Leetcode 332. 重新安排行程
题目:332. 重新安排行程
解析:代码随想录解析
解题思路
代码
//第1版,通过 9/81(没看清题目,应该都是从JFK出发)
class Solution {
List<String> res = new ArrayList<>();
List<List<String>> paths = new ArrayList<>();
boolean foundResult = false;
boolean[] used;
private void backtracking(List<List<String>> tickets) {
if (foundResult)
return;
if (paths.size() == tickets.size()) {
for (int i = 0; i < paths.size(); i++)
res.add(paths.get(i).get(0));
res.add(paths.get(paths.size()-1).get(1));
foundResult = true;
return;
}
for (int i = 0; i < tickets.size(); i++) {
if (used[i])
continue;
if (!paths.isEmpty() && !(tickets.get(i).get(0)).equals(paths.get(paths.size() - 1).get(1)))
continue;
paths.add(tickets.get(i));
used[i] = true;
backtracking(tickets);
paths.remove(paths.size()-1);
used[i] = false;
}
}
public List<String> findItinerary(List<List<String>> tickets) {
//排序后找到的第一个。
Collections.sort(tickets, new Comparator<List<String>>() {
@Override
public int compare(List<String> o1, List<String> o2) {
int setOff = o1.get(0).compareTo(o2.get(0));
if (setOff != 0)
return setOff;
else
return o1.get(1).compareTo(o2.get(1));
}
});
used = new boolean[tickets.size()];
backtracking(tickets);
return res;
}
}
//第2版,通过80/81,剩一个奇怪的样例没通过。
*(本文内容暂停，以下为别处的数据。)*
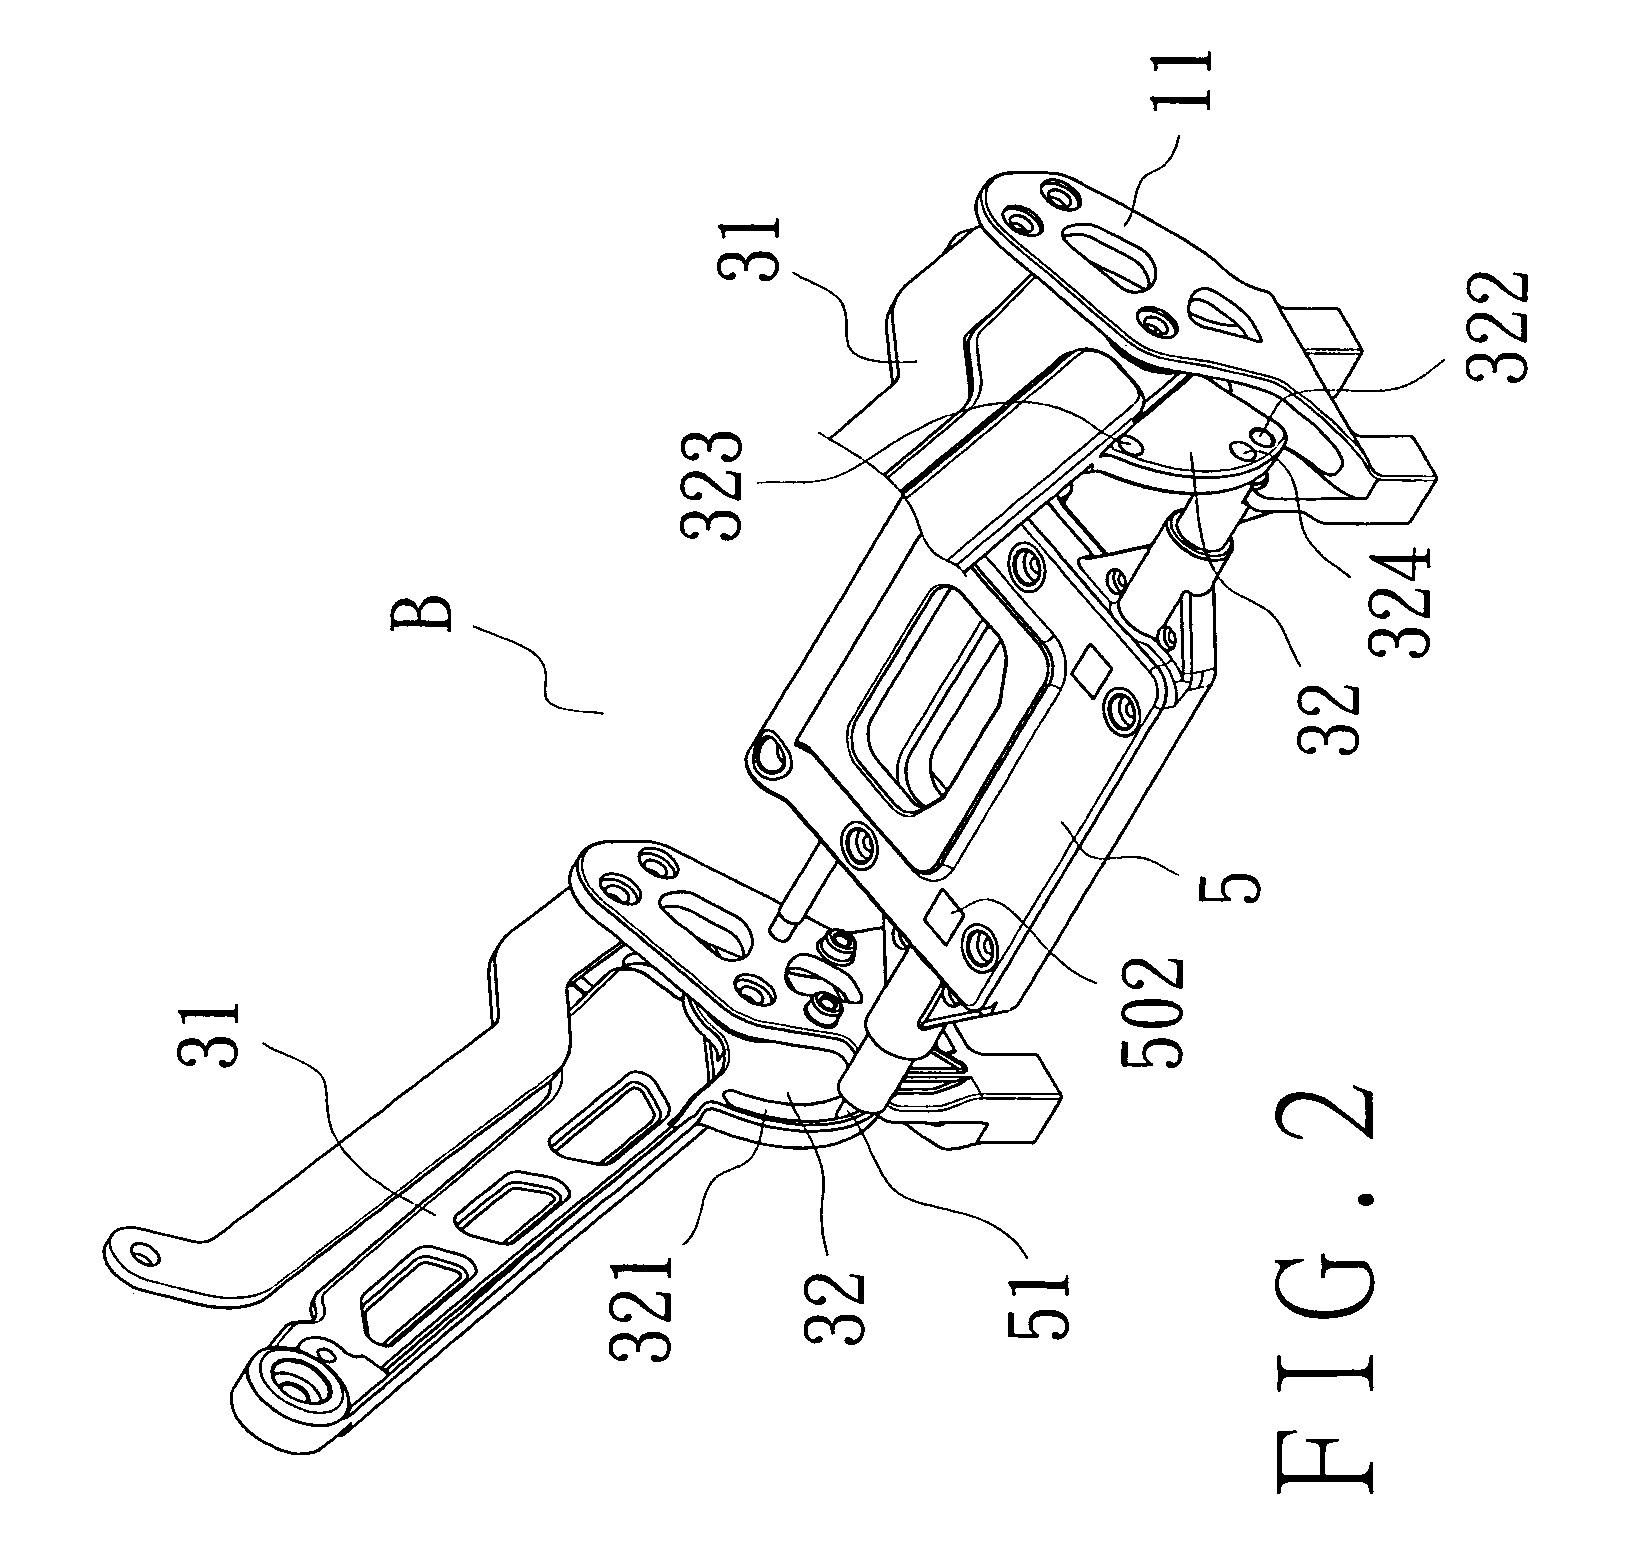 Folding and fixing device for a seat of an electric walk-substituting vehicle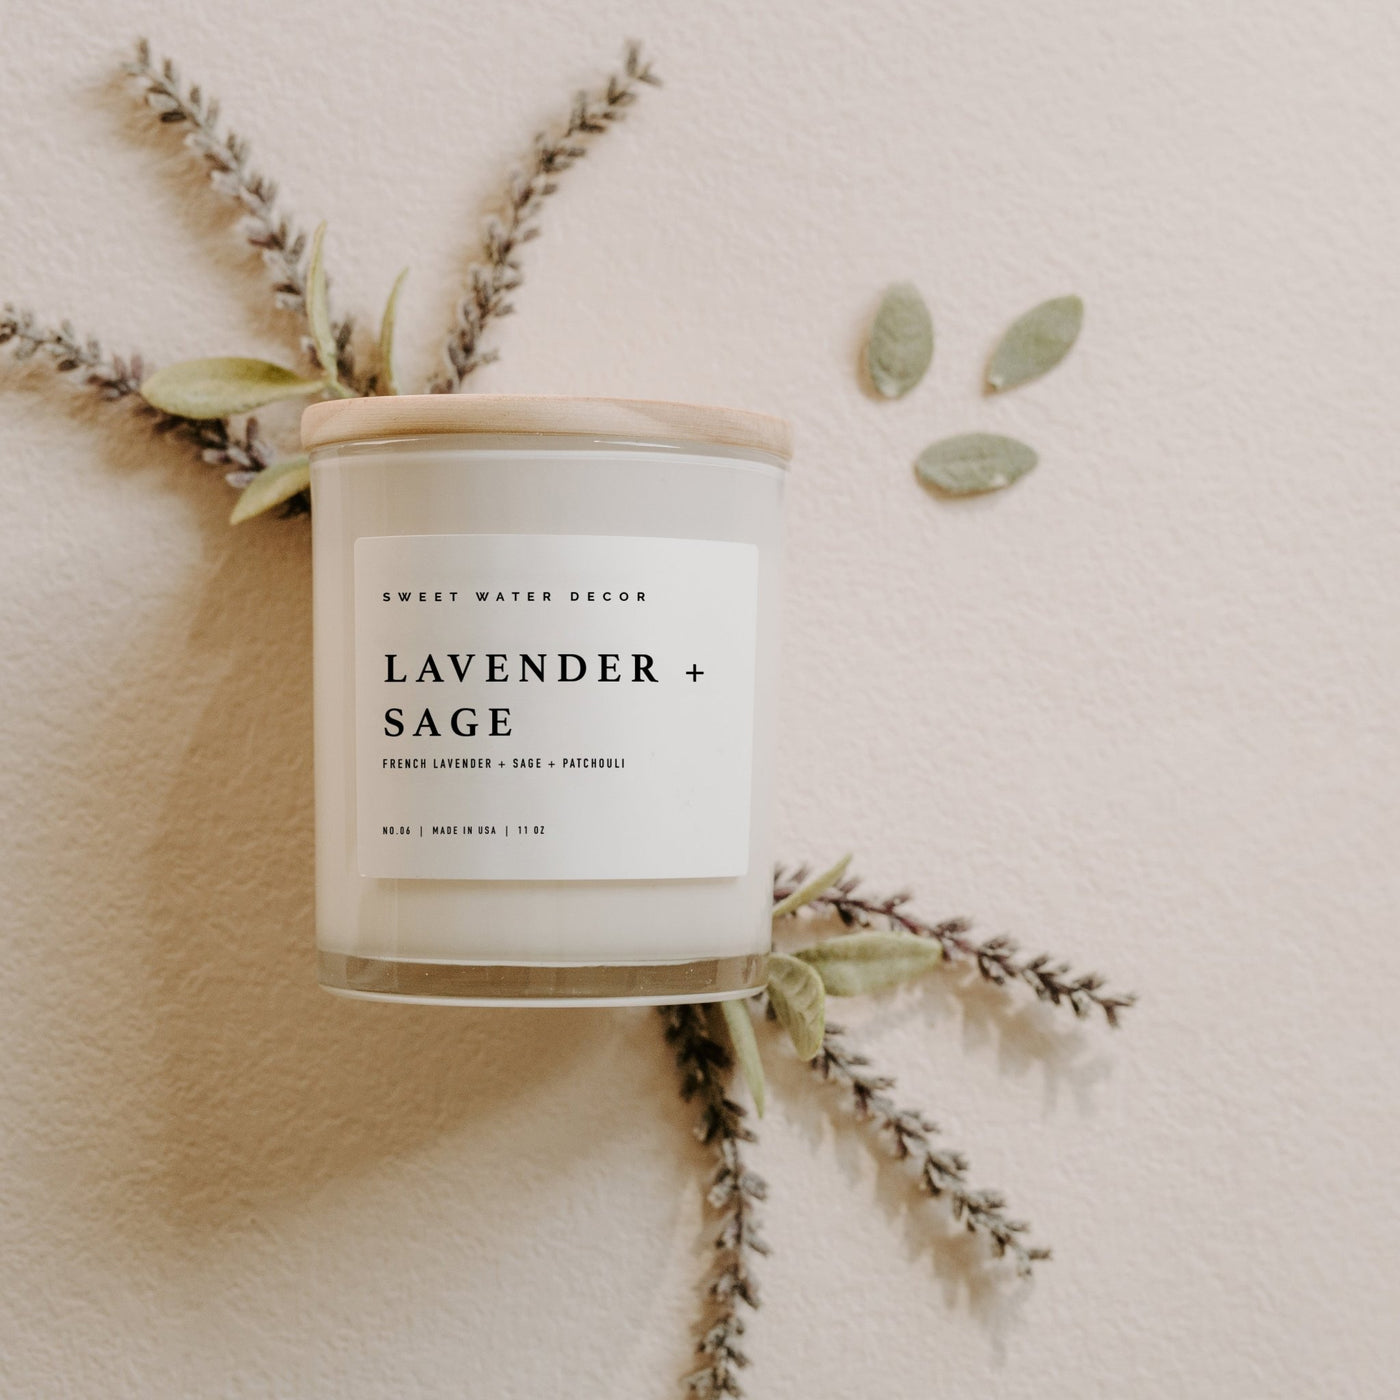 Lavender and Sage Soy Candle - White Jar - 11 oz - Sweet Water Decor - Candles

和卡哥的第一份答案一样有个样例没通过
class Solution {
List<String> res = new ArrayList<>();
List<String> paths = new ArrayList<>();
boolean foundResult = false;
boolean[] used;
private void backtracking(List<List<String>> tickets) {
if (foundResult)
return;
if (paths.size() == tickets.size() + 1) {
res.addAll(paths);
foundResult = true;
return;
}
for (int i = 0; i < tickets.size(); i++) {
if (used[i])
continue;
if (!(tickets.get(i).get(0)).equals(paths.get(paths.size()-1)))
continue;
paths.add(tickets.get(i).get(1));
used[i] = true;
backtracking(tickets);
paths.remove(paths.size()-1);
used[i] = false;
}
}
public List<String> findItinerary(List<List<String>> tickets) {
//排序后找到的第一个。
Collections.sort(tickets, new Comparator<List<String>>() {
@Override
public int compare(List<String> o1, List<String> o2) {
int setOff = o1.get(0).compareTo(o2.get(0));
if (setOff != 0)
return setOff;
else
return o1.get(1).compareTo(o2.get(1));
}
});
used = new boolean[tickets.size()];
paths.add("JFK");
backtracking(tickets);
return res;
}
}
//第3版,通过81/81。使用 Map<String, Map<String, Integer>>来存储<出发站,<终点站, 票数>>,其中的终点站使用TreeMap来存储(保证了Key的有序性),比直接使用used更高效。
class Solution {
List<String> res;
Map<String, Map<String, Integer>> ticketMap;
private boolean backtracking(int ticketNum) {
if (res.size() == ticketNum + 1) {
return true;
}
String destination = res.get(res.size()-1);
if (ticketMap.containsKey(destination)) {
for (Map.Entry<String, Integer> desNum : ticketMap.get(destination).entrySet()) {
int count = desNum.getValue();
if (count > 0) {
res.add(desNum.getKey());
desNum.setValue(count - 1);
if (backtracking(ticketNum))
return true;
desNum.setValue(count);
res.remove(res.size()-1);
}
}
}
return false;
}
public List<String> findItinerary(List<List<String>> tickets) {
res = new ArrayList<>();
ticketMap = new HashMap<>();
for (List<String> ticket : tickets) {
Map<String, Integer> tmp;
if (ticketMap.containsKey(ticket.get(0))) {//是否有出发站的票
tmp = ticketMap.get(ticket.get(0));//获取以此为出发站的终点站的票及对应票数量
tmp.put(ticket.get(1), tmp.getOrDefault(ticket.get(1), 0) + 1);//让对应票数加1
} else {
tmp = new TreeMap<>();
tmp.put(ticket.get(1), 1);
}
ticketMap.put(ticket.get(0), tmp);
}
res.add("JFK");
backtracking(tickets.size());
return res;
}
}
总结
hard果然不容易
Leetcode 51. N 皇后
解题思路
每次是否下棋,就判断一下能否下这个皇后。一行一行下。一列一列判断。
代码
class Solution {
List<List<String>> res;
List<StringBuilder> chess;
private boolean isValid(int row, int col, int n) {
// for (int i = 0; i < n; i++)
// if (chess.get(row).charAt(i) == 'Q')
// return false;
for (int i = 0; i < row; i++)
if (chess.get(i).charAt(col) == 'Q')
return false;
for (int i = row-1, j = col-1; i >= 0 && j >= 0; i--, j--)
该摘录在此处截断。